(The data Opens)

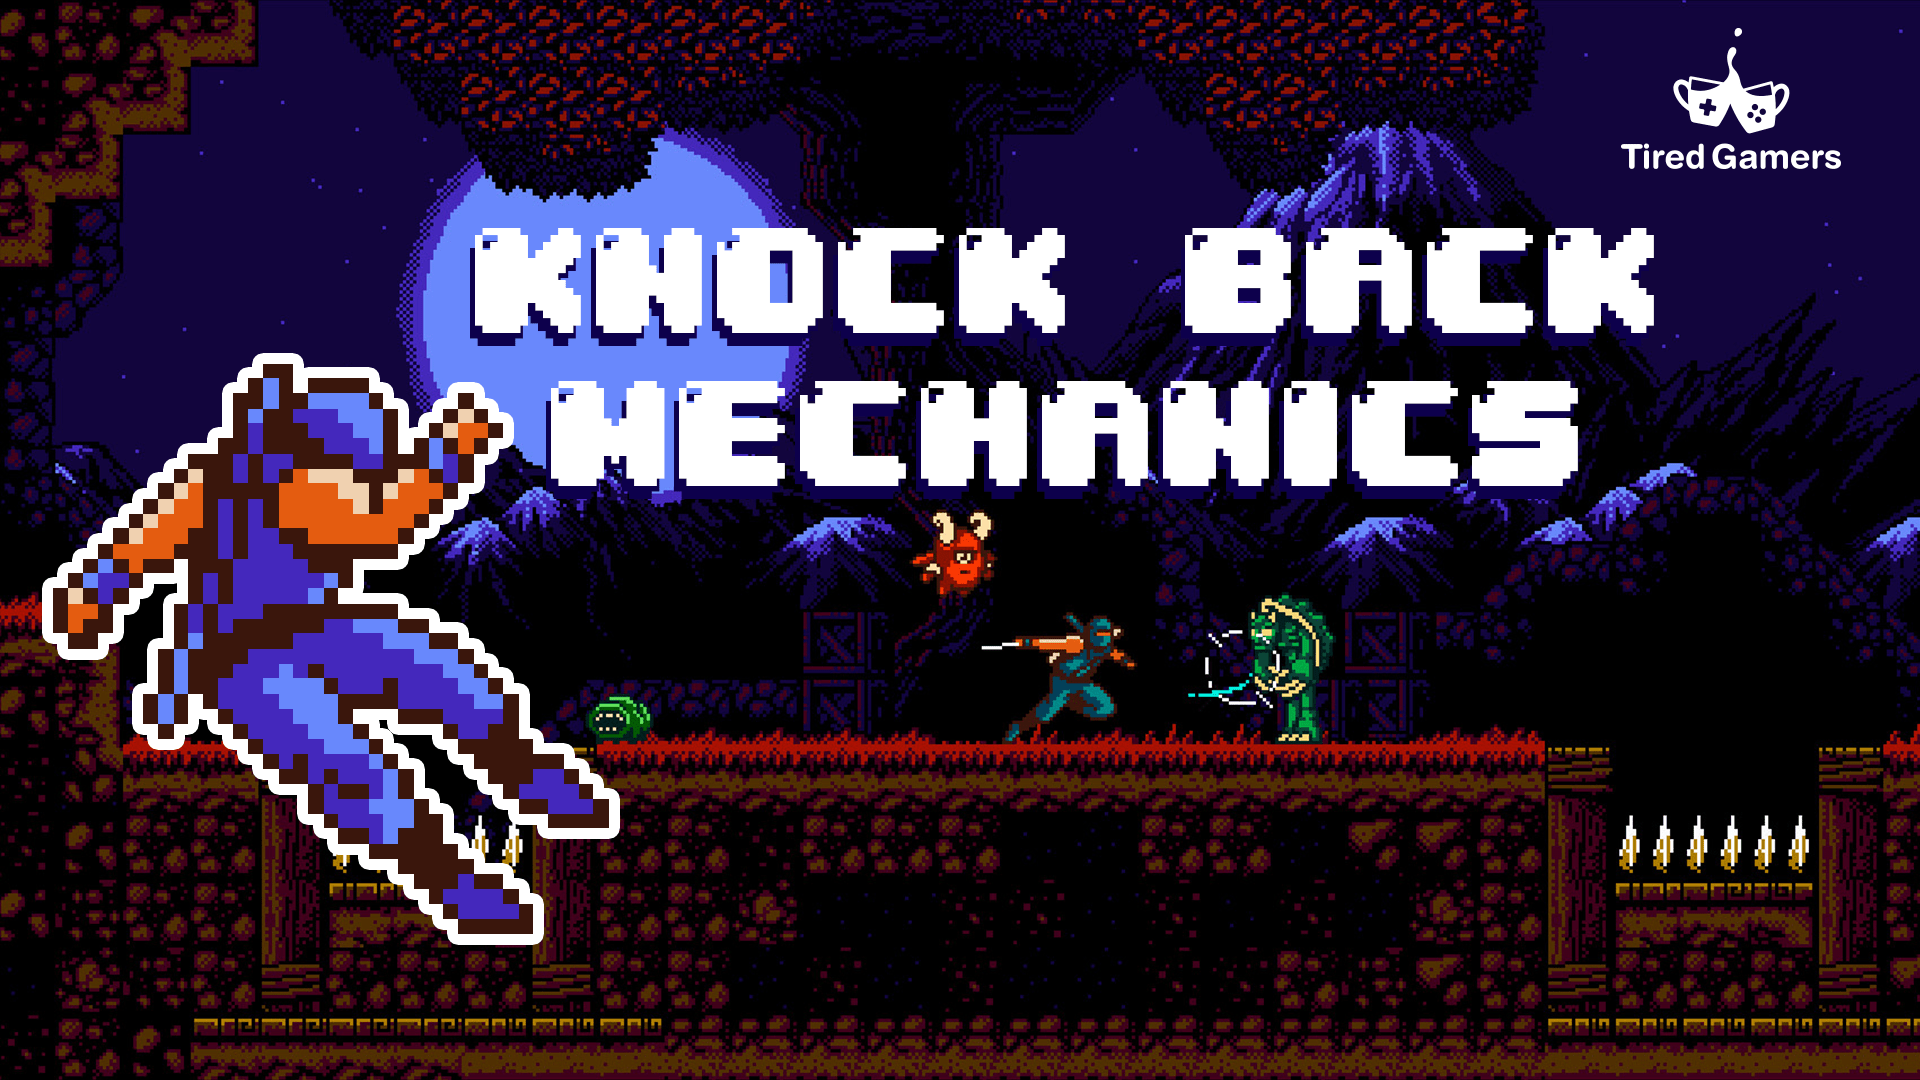 Indie game news and knock back mechanics in The Messenger
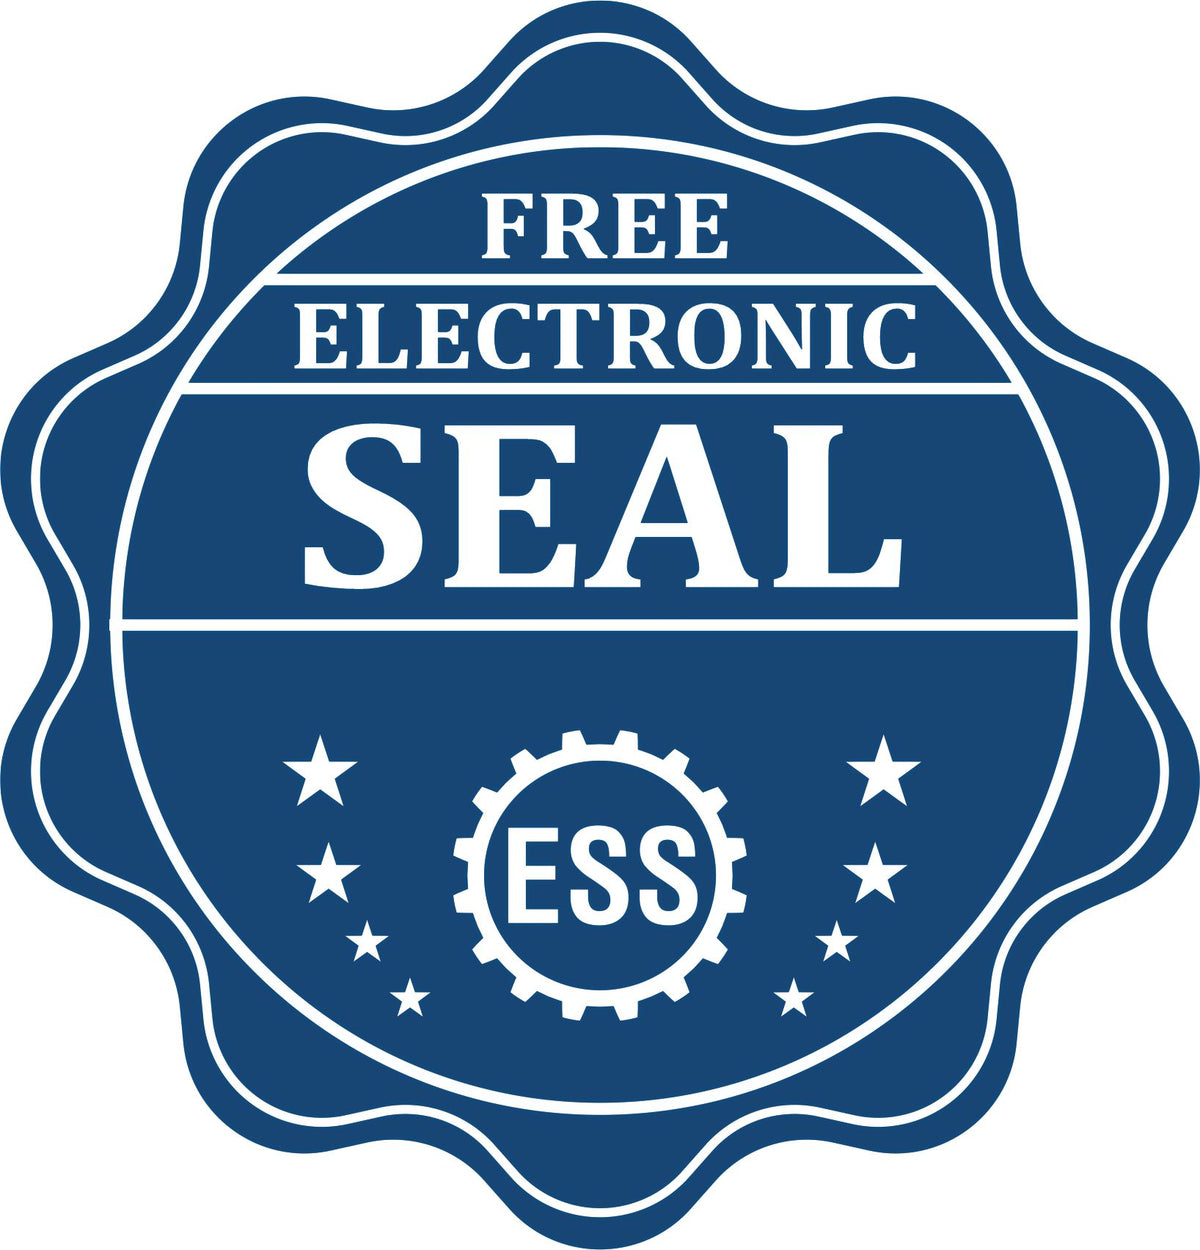 A badge showing a free electronic seal for the Long Reach Kansas PE Seal with stars and the ESS gear on the emblem.
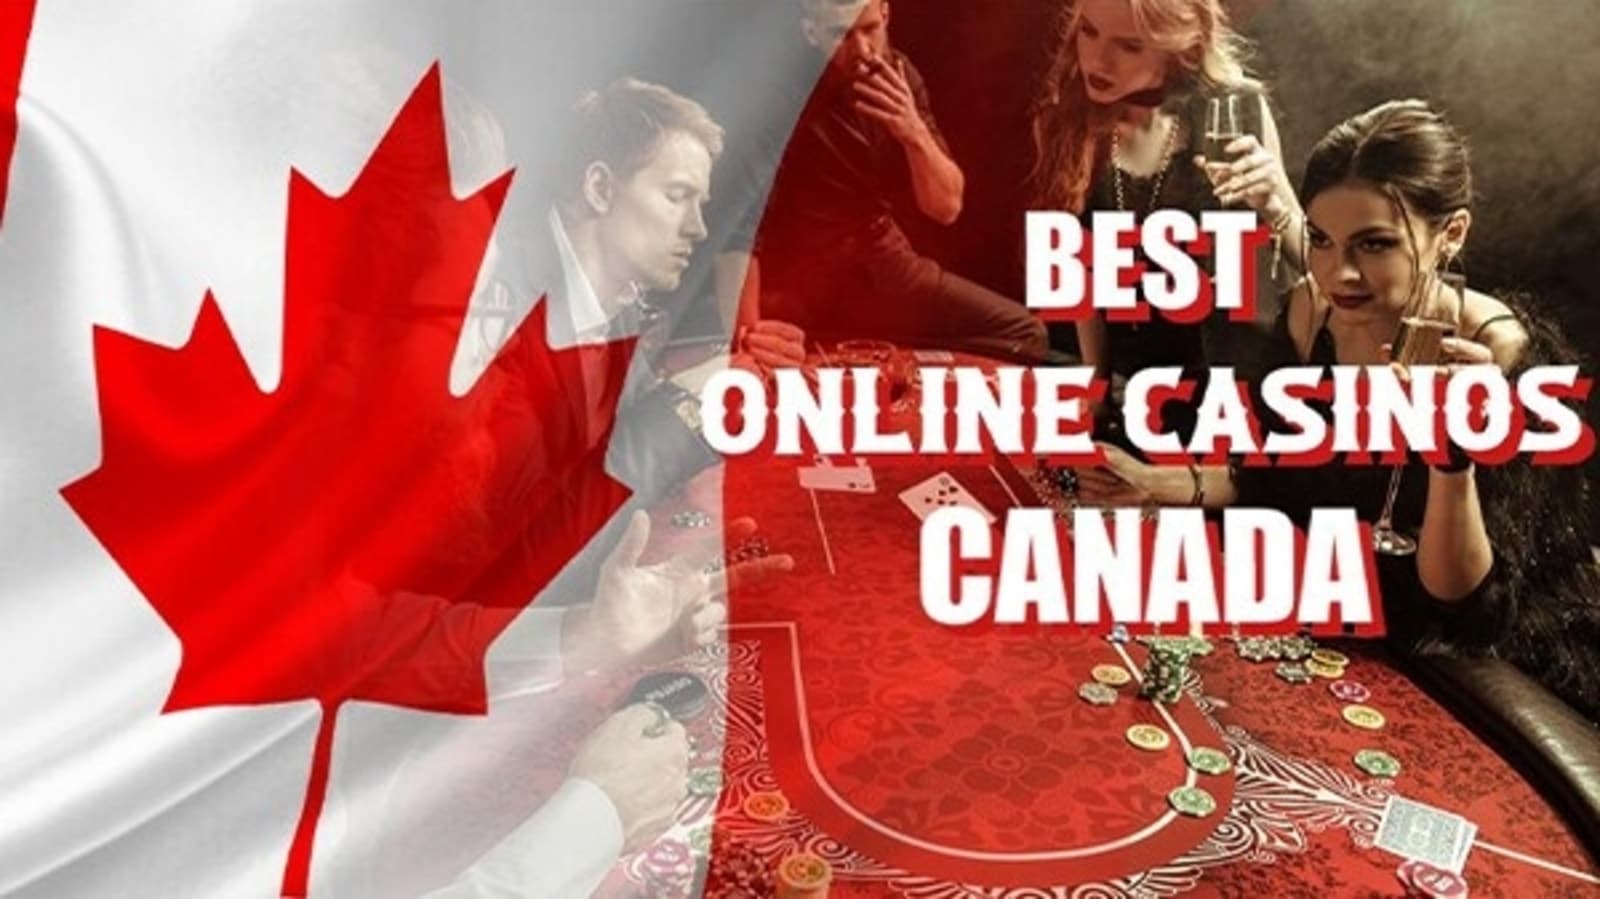 World Class Tools Make online casinos Canada Push Button Easy
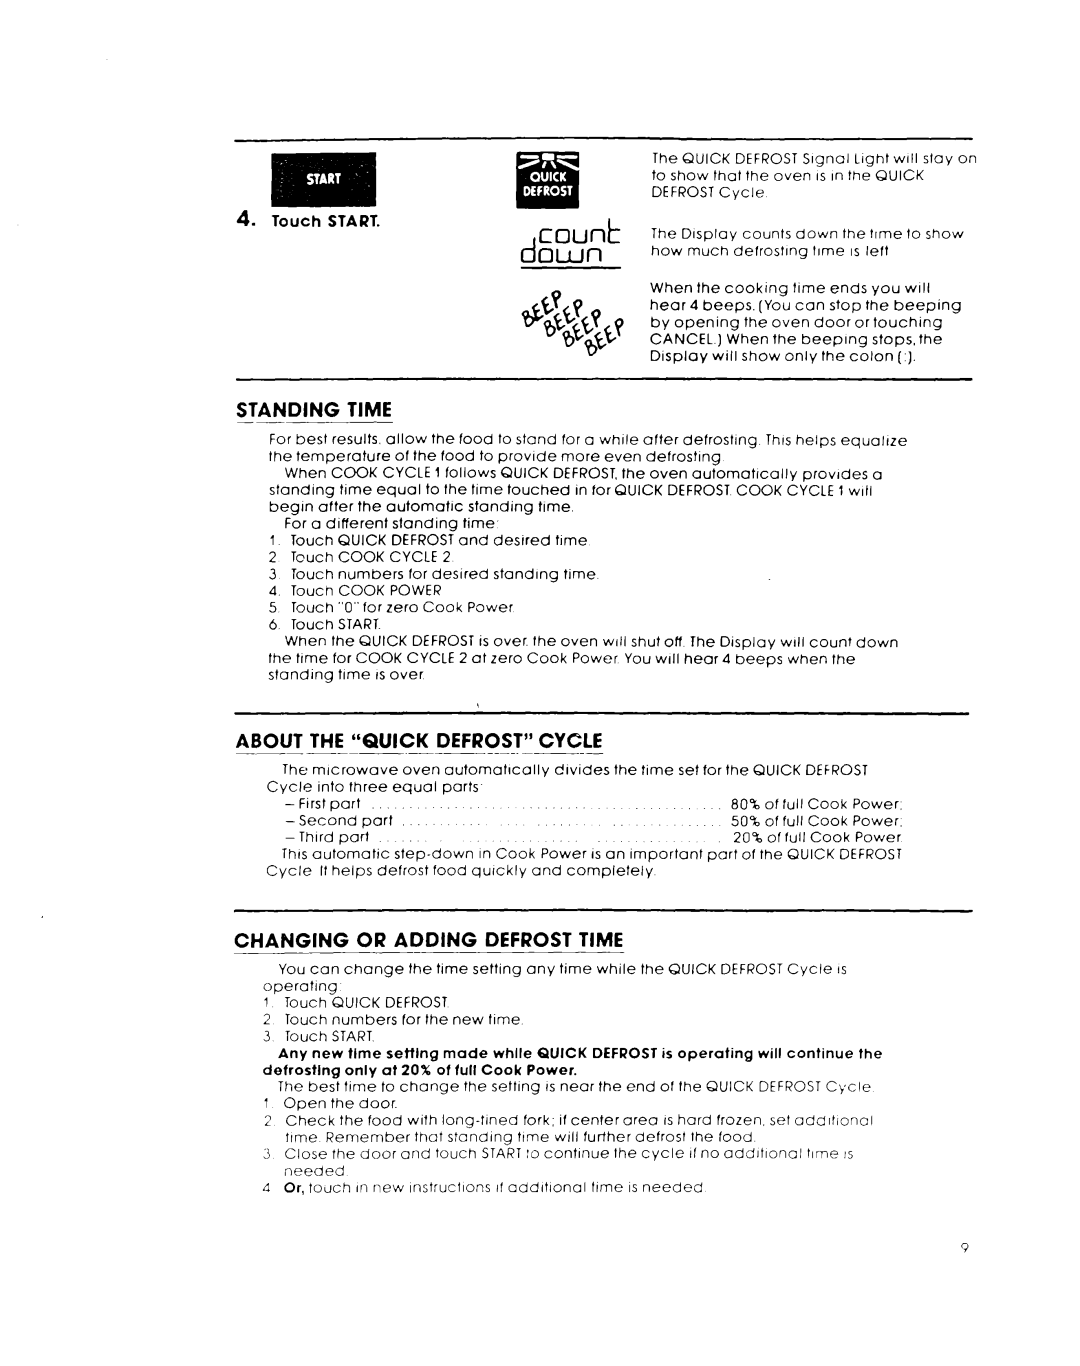 Whirlpool MW8650XL warranty count, d own, Or Adding, About The “Quick Defrost” Cycle, Defrost Time, Standing, Changing

(The data Closes)

• **Exercise aim**:
Once the pictures are removed, output the remaining material exactly.

• **Answer to this problem**:
 Indie game news and knock back mechanics in The Messenger
 A badge showing a free electronic seal for the Long Reach Kansas PE Seal with stars and the ESS gear on the emblem.
 World Class Tools Make online casinos Canada Push Button Easy
 Whirlpool MW8650XL warranty count, d own, Or Adding, About The “Quick Defrost” Cycle, Defrost Time, Standing, Changing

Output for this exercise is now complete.